Короче говоря, лечение дома — одно, в больнице — совсем другое. Не зря мудрая моя мать ни за что не хотела ложиться в стационар и отца не пускала…
Меня спасало от мыслей о болезнях — настоящих и мнимых — стремление поскорей «раскрыть» сопалатников, выявить их внутреннее содержание, подстеречь момент, когда они невзначай раскроются.
Но постоянное напряжение приводило к головным болям. Приходилось выпрашивать у дежурных сестер анальгин. Расслабляться ни в коем случае нельзя — каждое произнесенное в палате слово, каждый взгляд могли иметь второй, третий смысл…
Фарид лечился от язв на ногах. Петро — от болей в спине. Серега — тоже от каких-то болей.
Пока что операция грозила Алексею Федоровичу. У остальных, исключая меня и Фарида, она, если и состоится, то в далеком 6удущем.
Судя по немногословным указаниям лечащего врача. Фариду, по-моему, хирургия вообще не угрожает. Язвы ножом не лечат.

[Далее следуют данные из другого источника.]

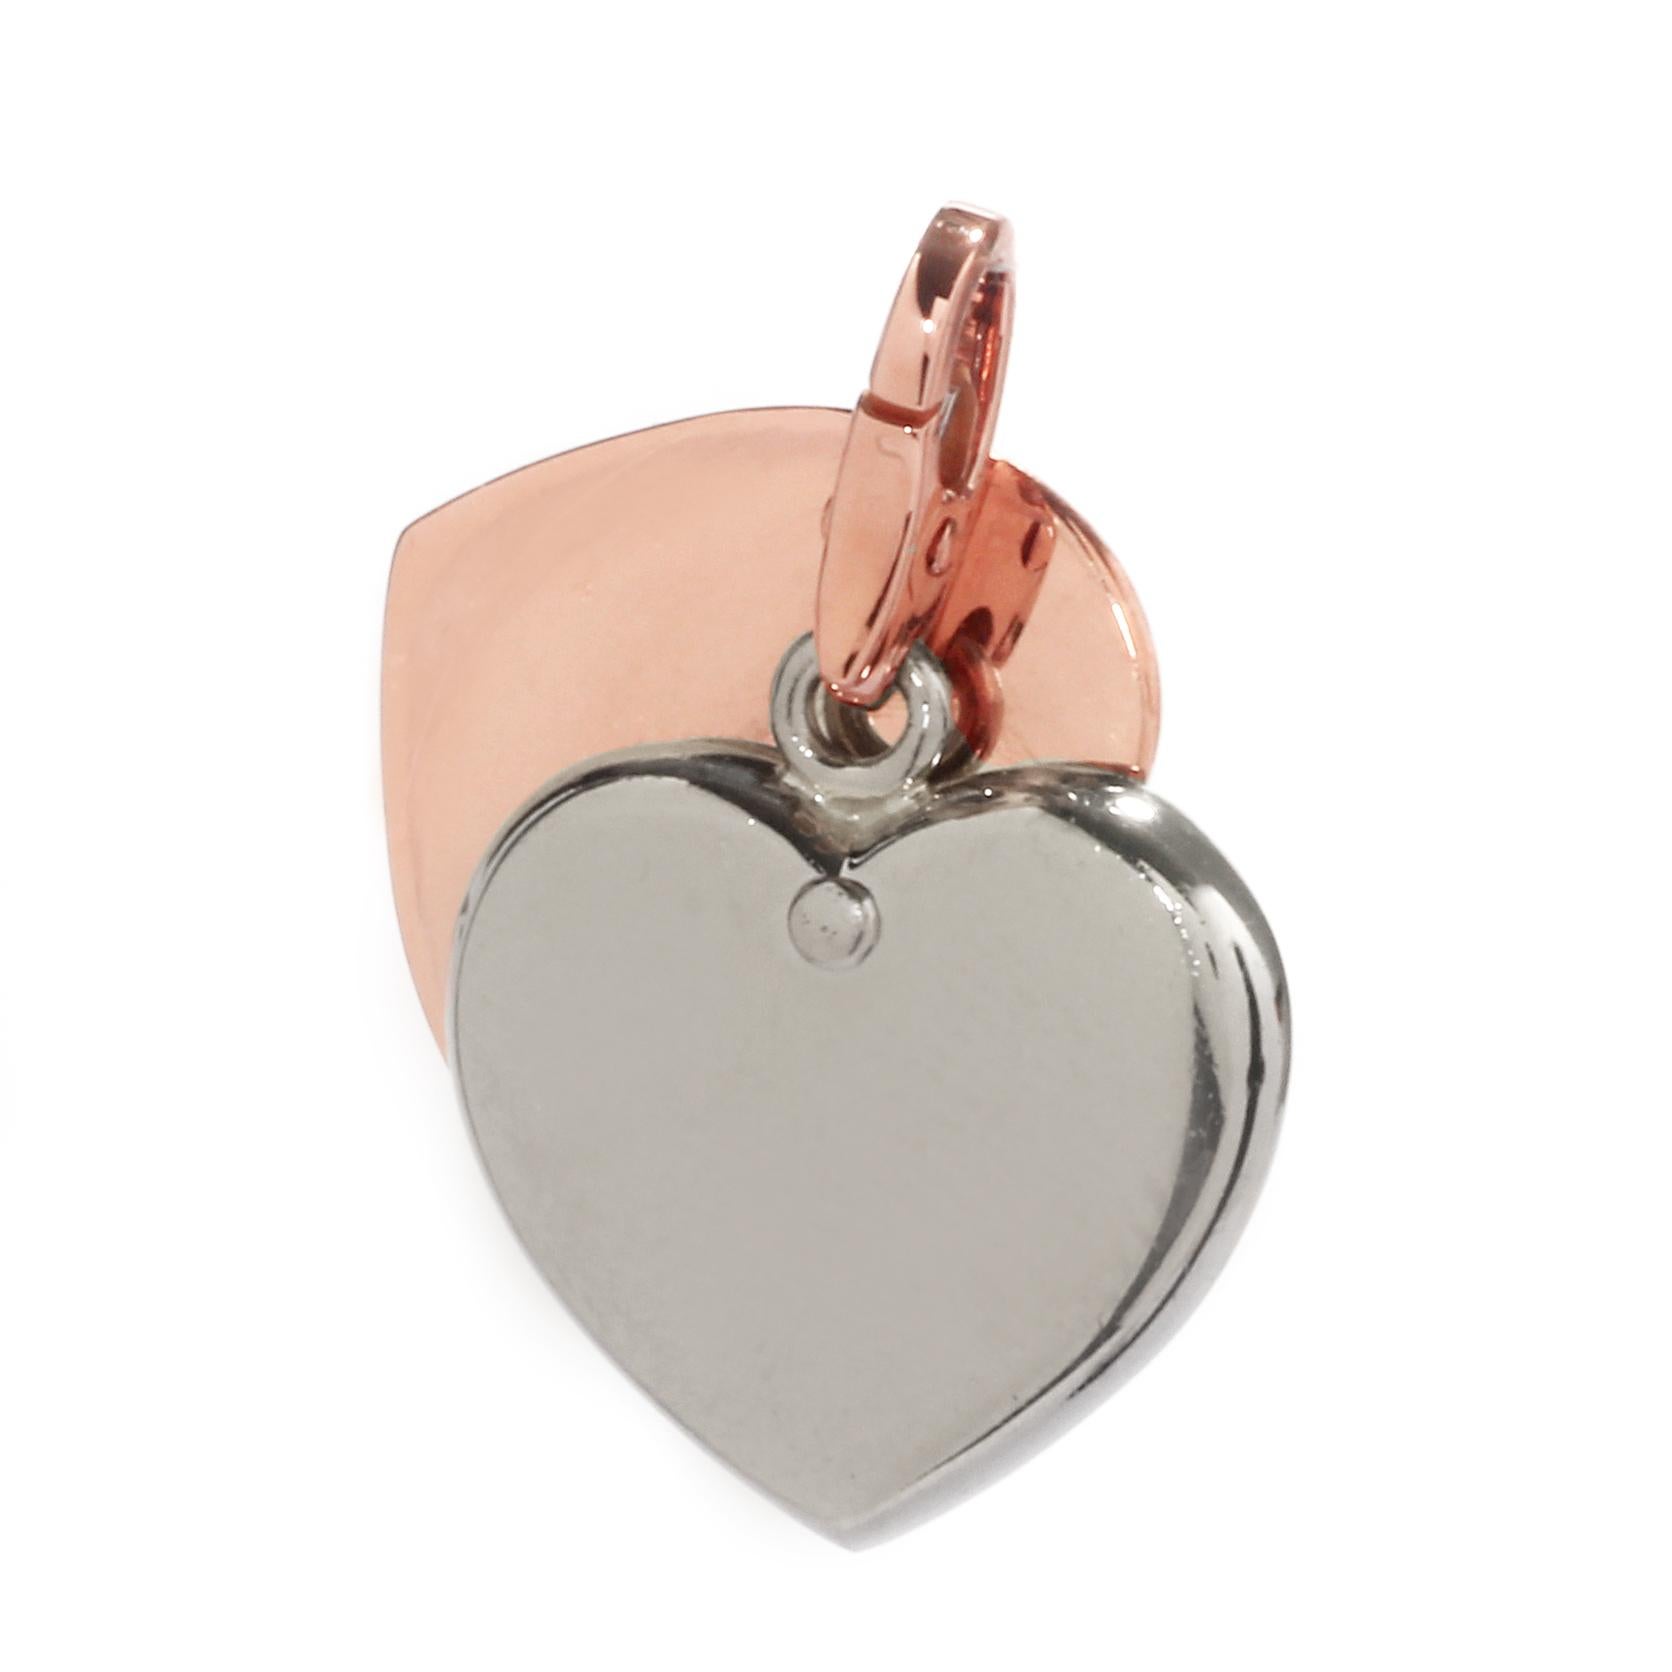 A lovely heart charm pendant by Cartier featuring 18k white and rose gold, forming a perfect colorful combination.

Hallmarks: Cartier, 750, Unique Serial Number
Weight: 14.4 Grams
Dimensions: .74″ Inches wide by 1.14″ Inches in length

Inventory

Ходить парню трудно, но он делает вид, что все это чепуха, недостойная настоящего мужчины! Когда Гену вызывают на перевязки или в ординаторскую, или он захочет в туалет, Фарид внешне легко с неизменной улыбкой на пухлых розовых губах поднимает безногого, переносит на каталку и торжественно везет по коридорному «проспекту».
Еще и шутит при этом:
— Персональный дядька у тебя! Как у царевича-королевича, да?

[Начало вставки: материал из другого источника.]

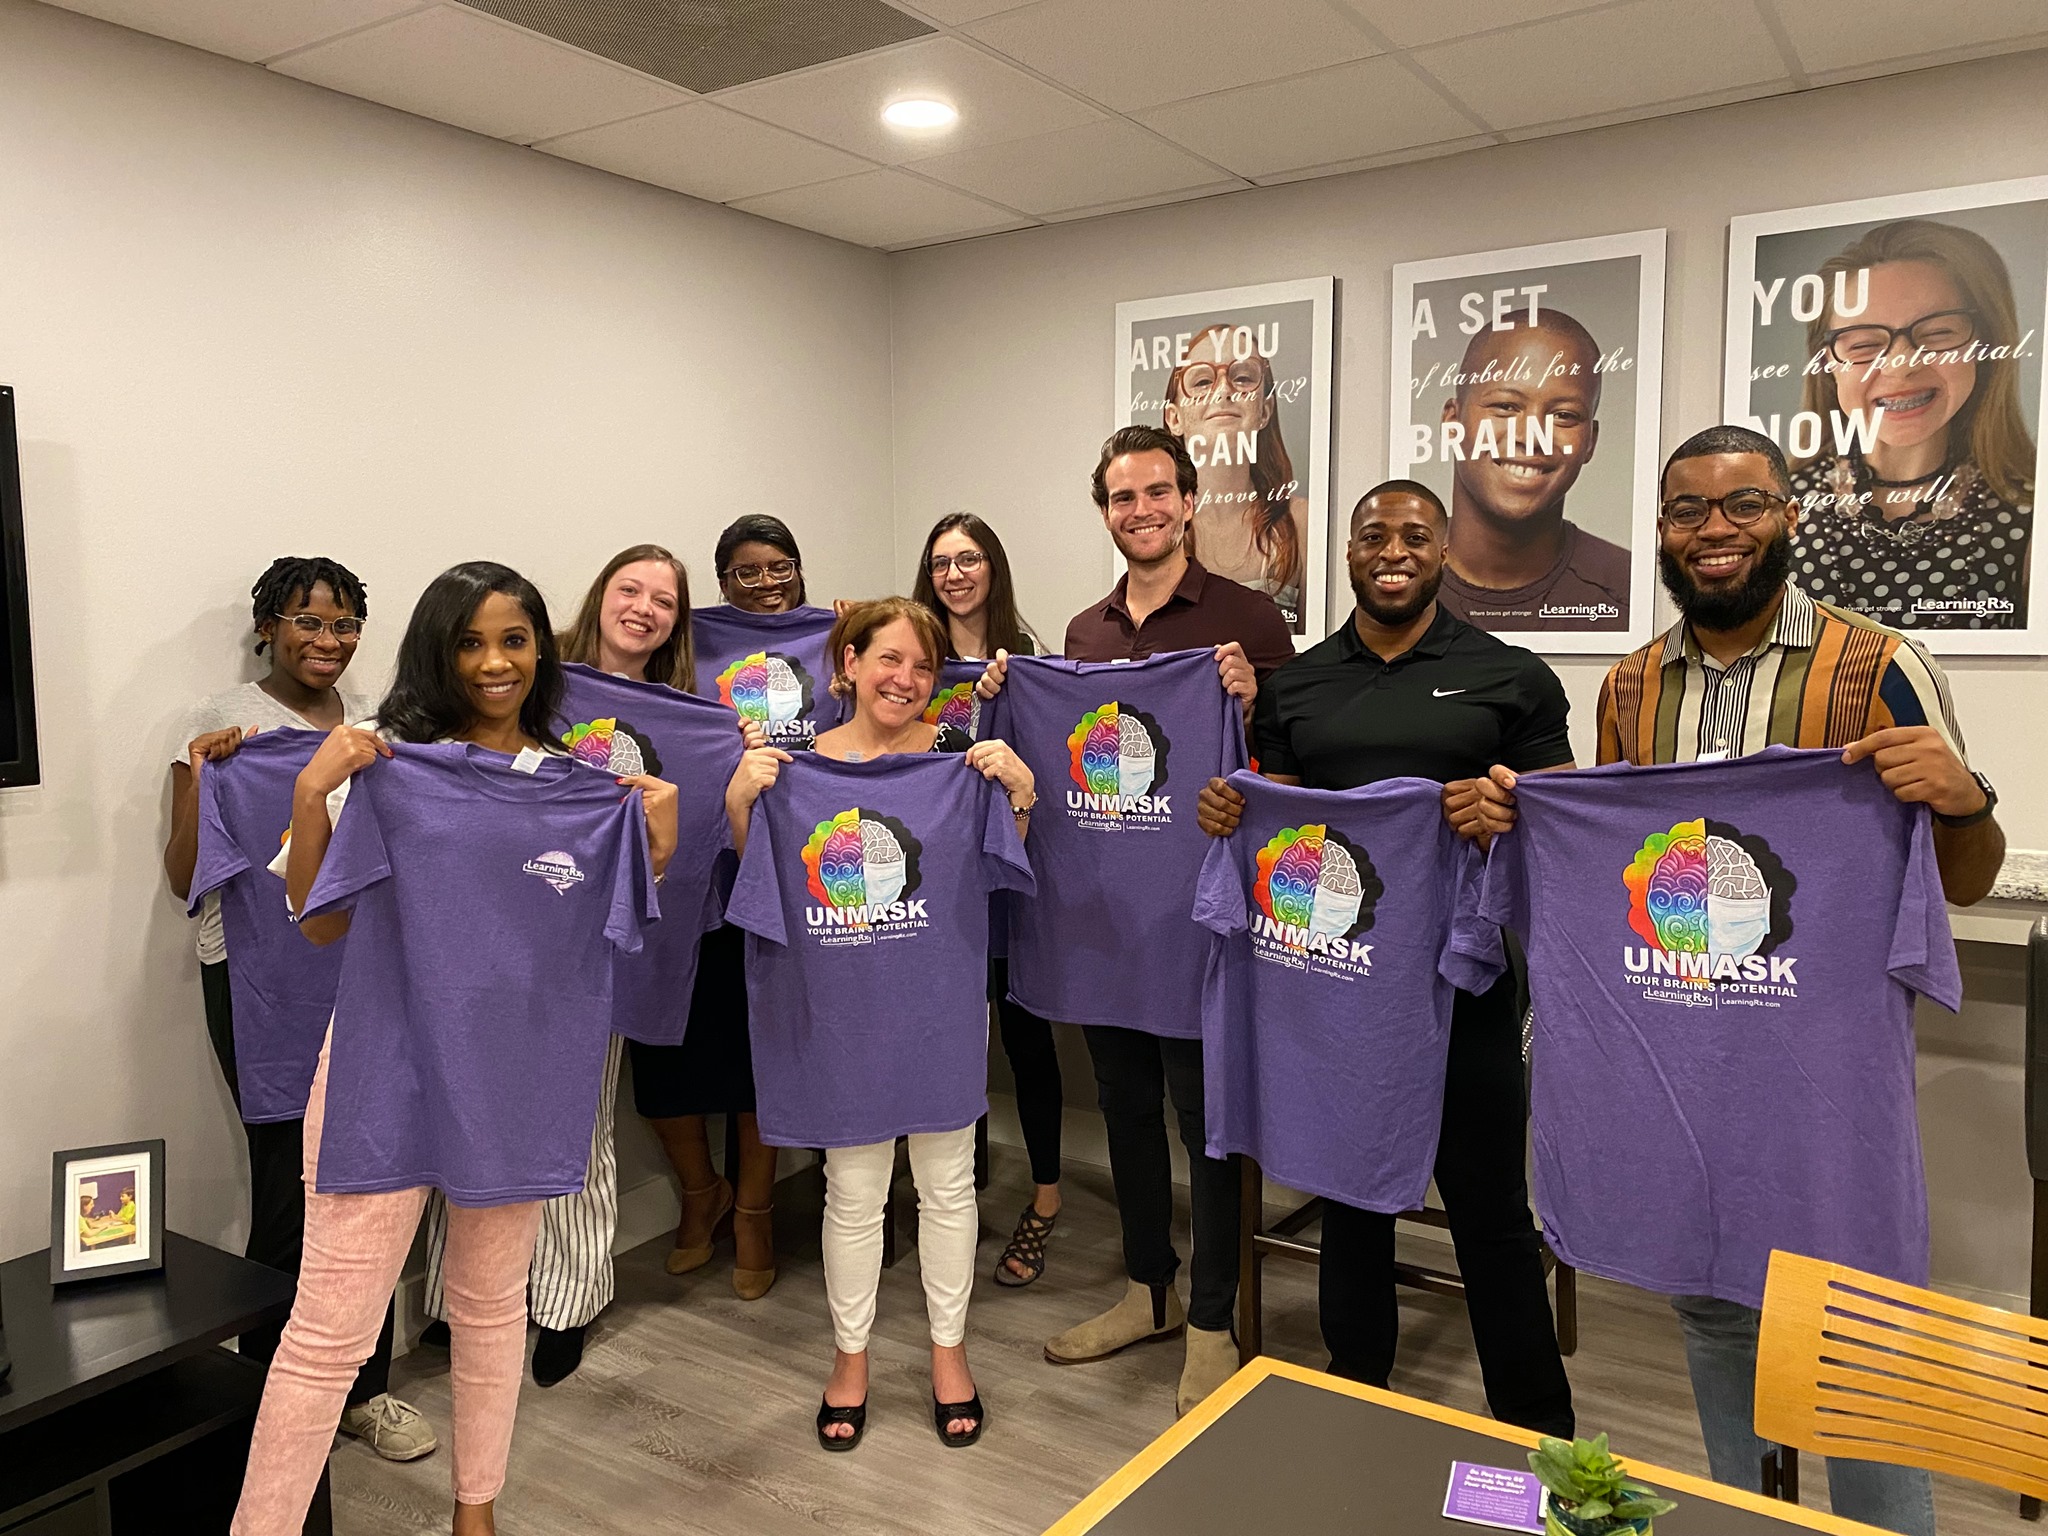 Susie and her staff with Brain Trainer shirts

А в глазах, спрятанная за напускным весельем, колышется боль…
— Нельзя же ему поднимать тяжести? — однажды возмутился я, когда Фарид повез Гену в туалет. — Где сестры, санитарки?
Алексей Федорович по обыкновению презрительно плюнул мимо специально подставленной плевательницы.
— Наивен ты, батя, не по возрасту. Будто ощипанный петух, мечтающий закукарекать… Сколь платят санитаркам, ведомо?… То-то и оно. Выносить утки и судна с дерьмом, возить калек-идиотов туда-сюда, высаживать, с унитаза снимать — кому хочется задарма?
Предположим, я наивен. Сам знаю — живу старыми обычаями, заполненными человеколюбием и презрением к деньгам… Но Гена — представитель нового поколения, культурный человек — он-то должен понимать несуразность такого положения! Почему не протестует, не требует от администрации больницы предоставления инвалиду положенных по закону услуг?
Слава Богу, бухгалтер не слышит моего возмущения, не фыркает презрительно. У любого человека имеется самолюбие — у одного больше, у другого меньше. Наживать болезненные синяки на своём, не собираюсь.
Кроме того, по сердцу больно царапнула фраза о калеках — идиотах. Надо бы промолчать, дать возможность куряке выговориться до конца. Не стерпел.